(TASK OBJECTIVE):
The answer must consist solely of the lines below starting at the one containing "Chromosomes - Student Set" and ending at the one containing "stock image handmade", repeated exactly, with both ends included and all pictures omitted.

START EXERCISE INPUT

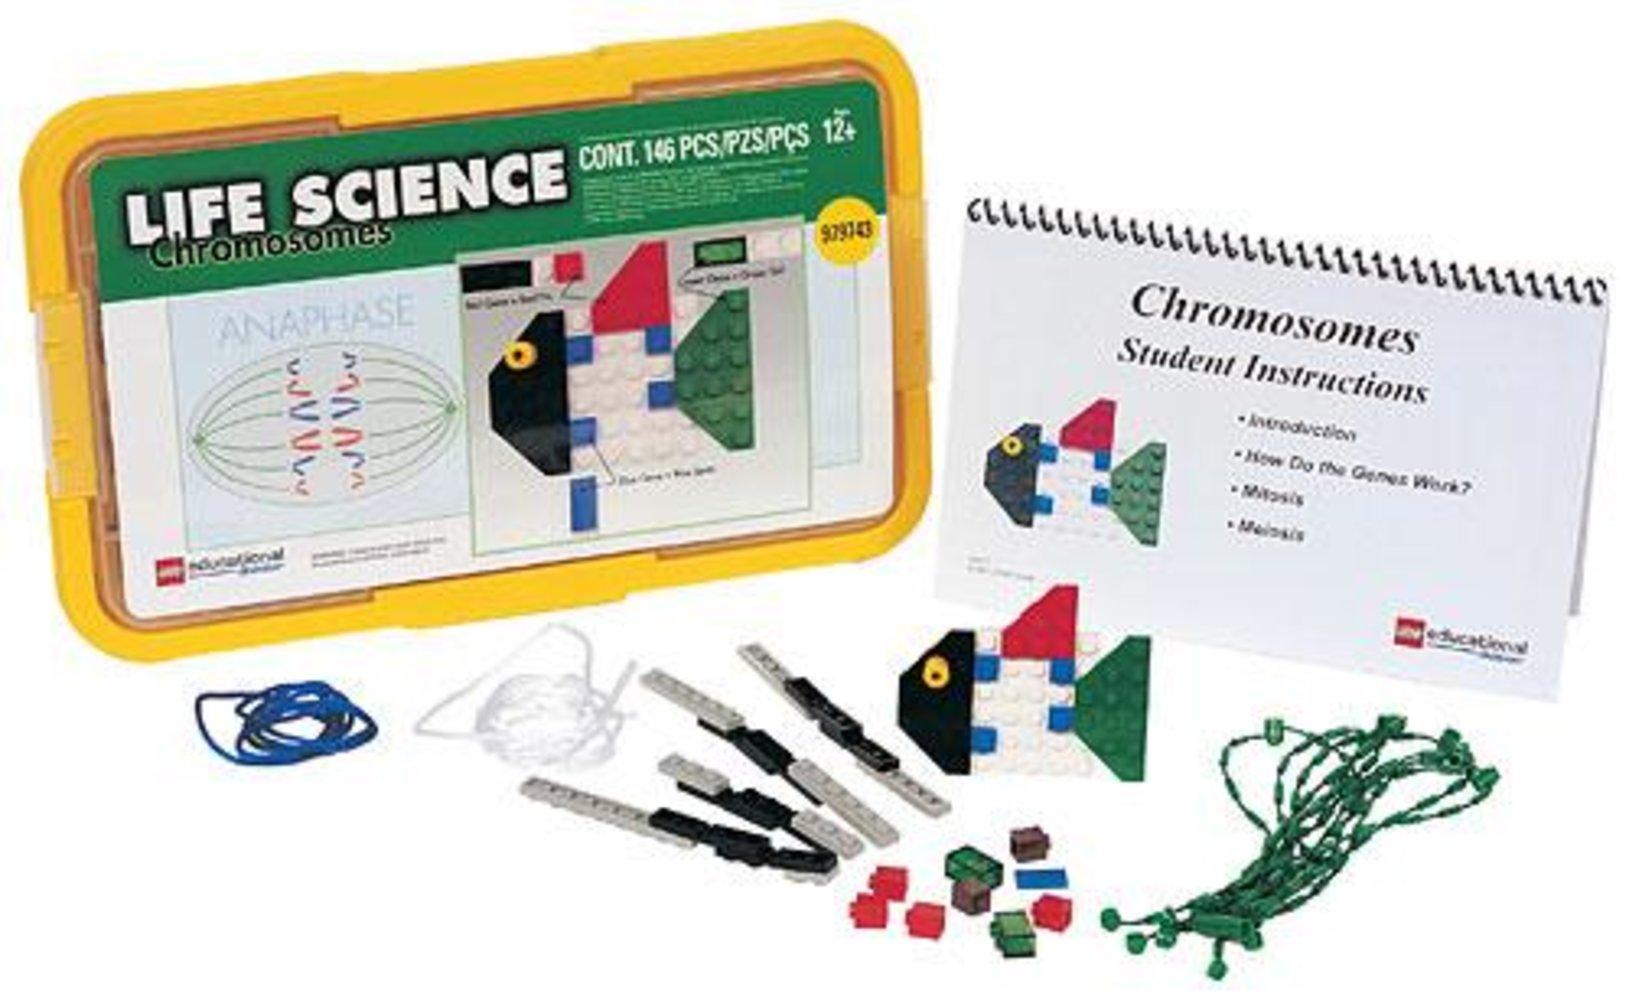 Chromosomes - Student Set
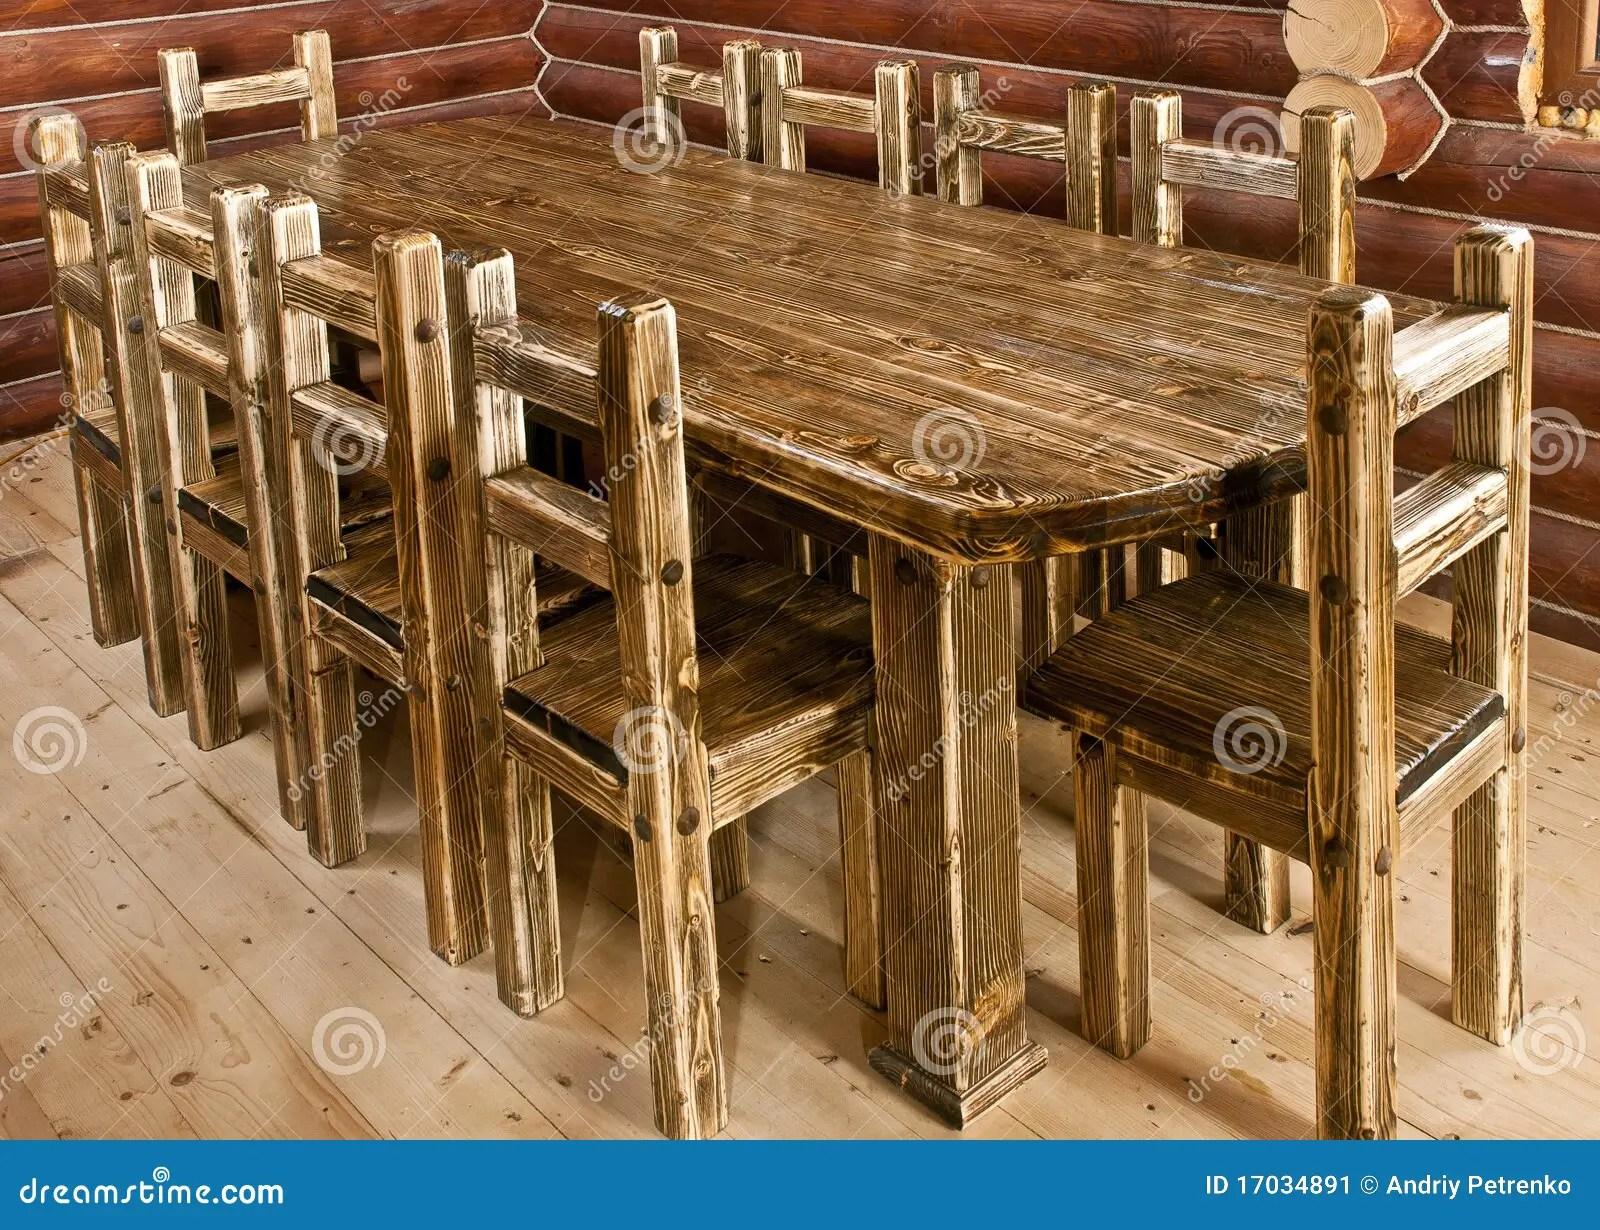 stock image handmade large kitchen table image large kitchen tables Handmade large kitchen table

END EXERCISE INPUT
START EXERCISE INPUT

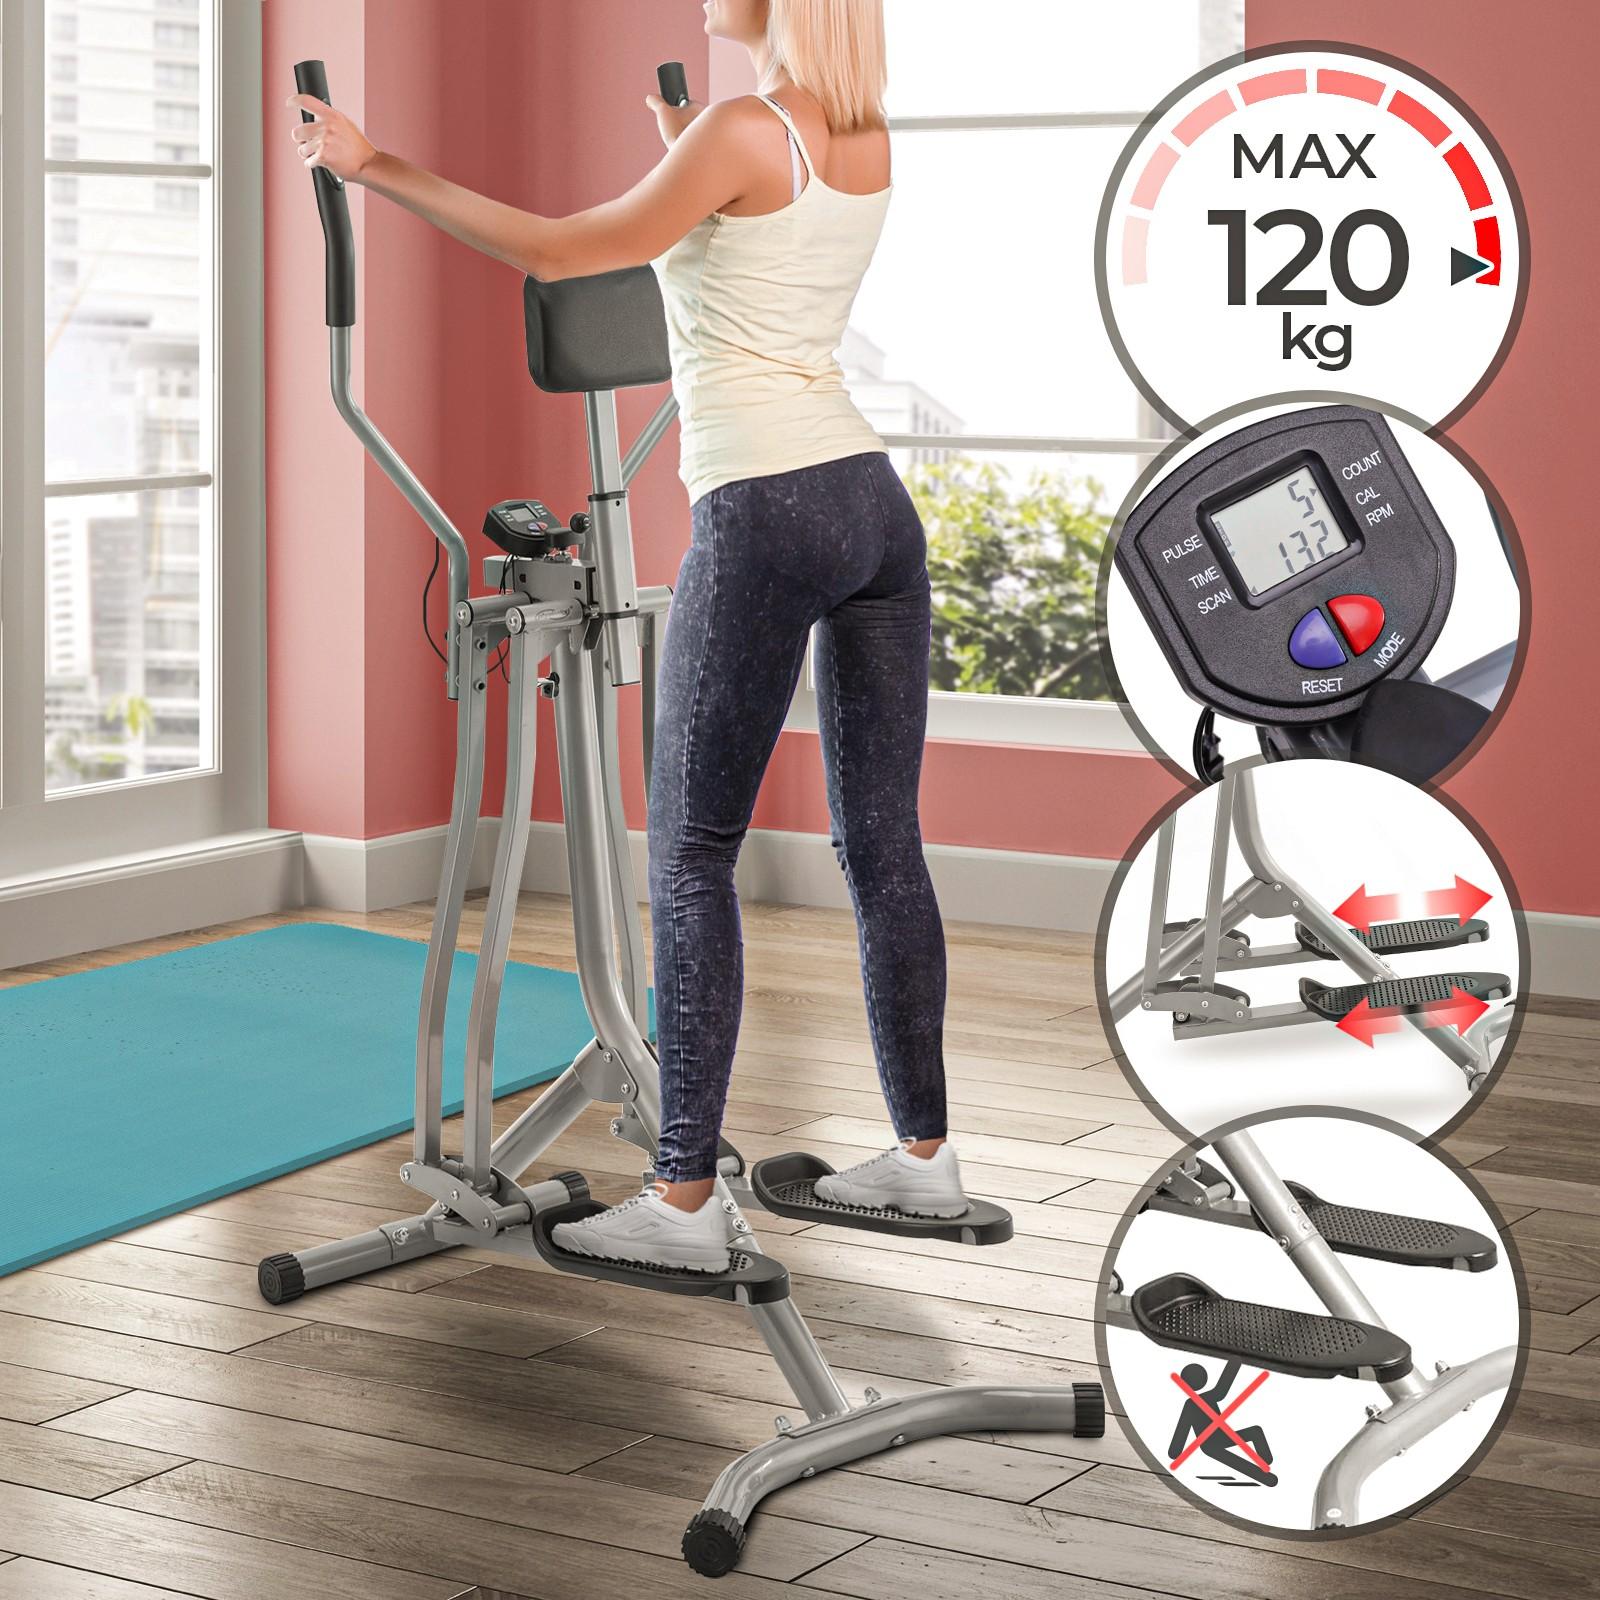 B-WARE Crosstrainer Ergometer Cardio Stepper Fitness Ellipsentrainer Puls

END EXERCISE INPUT
START EXERCISE INPUT

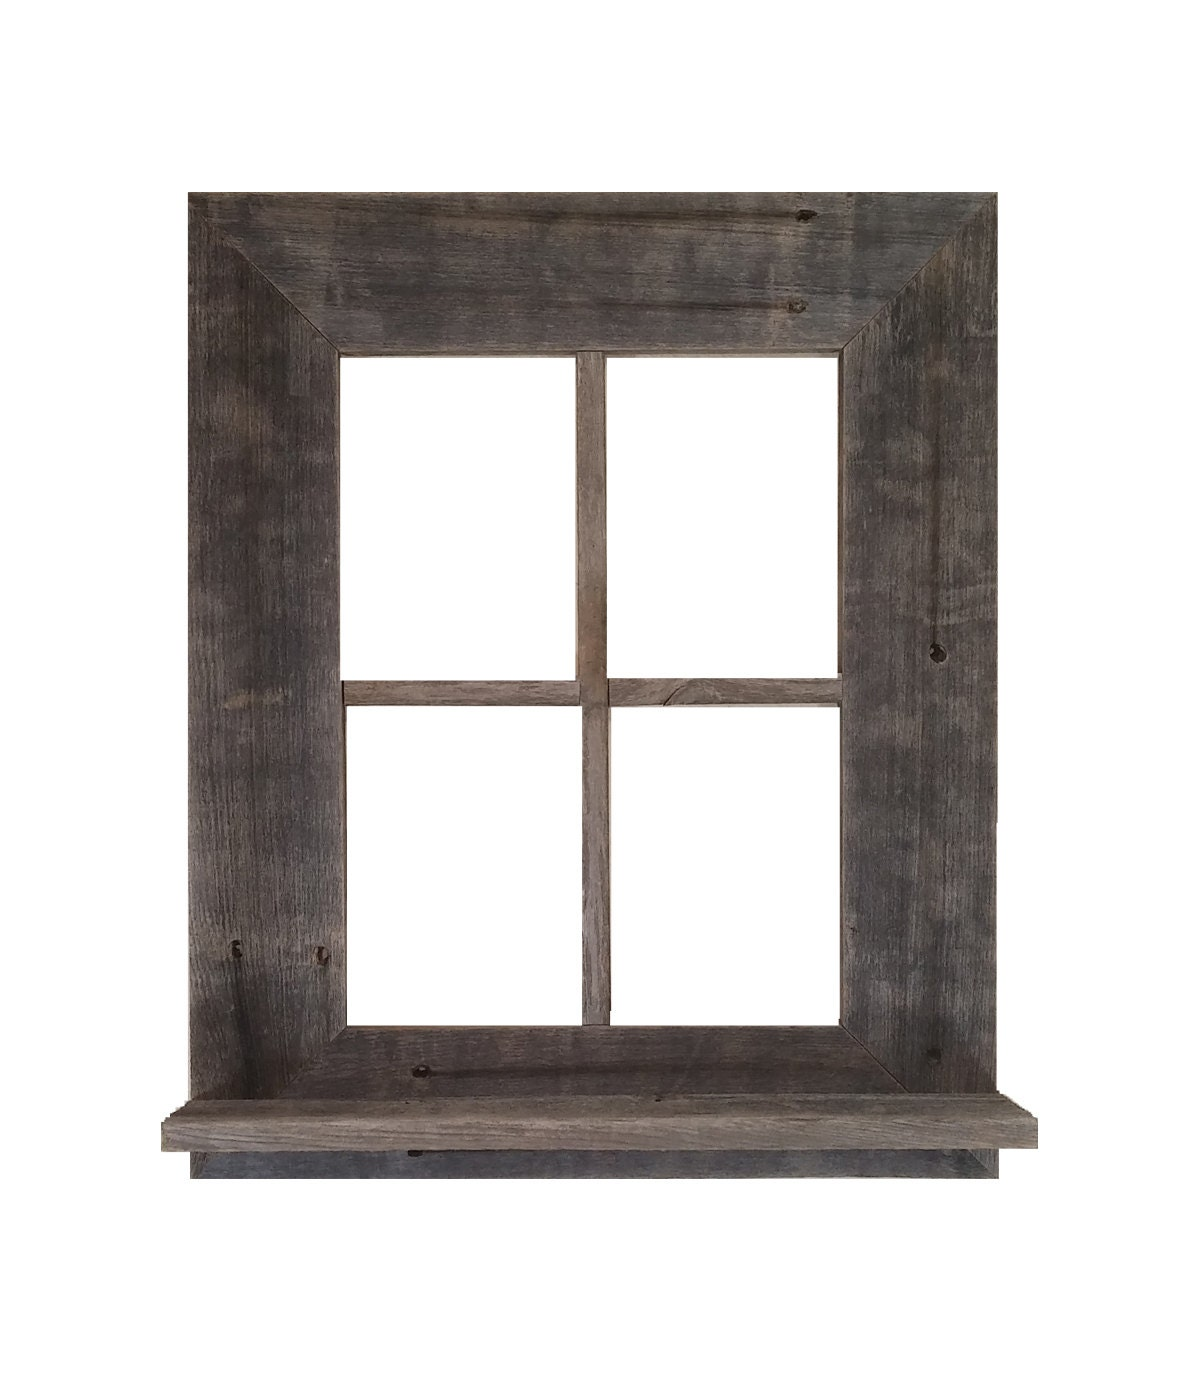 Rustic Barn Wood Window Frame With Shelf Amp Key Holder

END EXERCISE INPUT

(RESPONSE BELOW):
 Chromosomes - Student Set
 stock image handmade large kitchen table image large kitchen tables Handmade large kitchen table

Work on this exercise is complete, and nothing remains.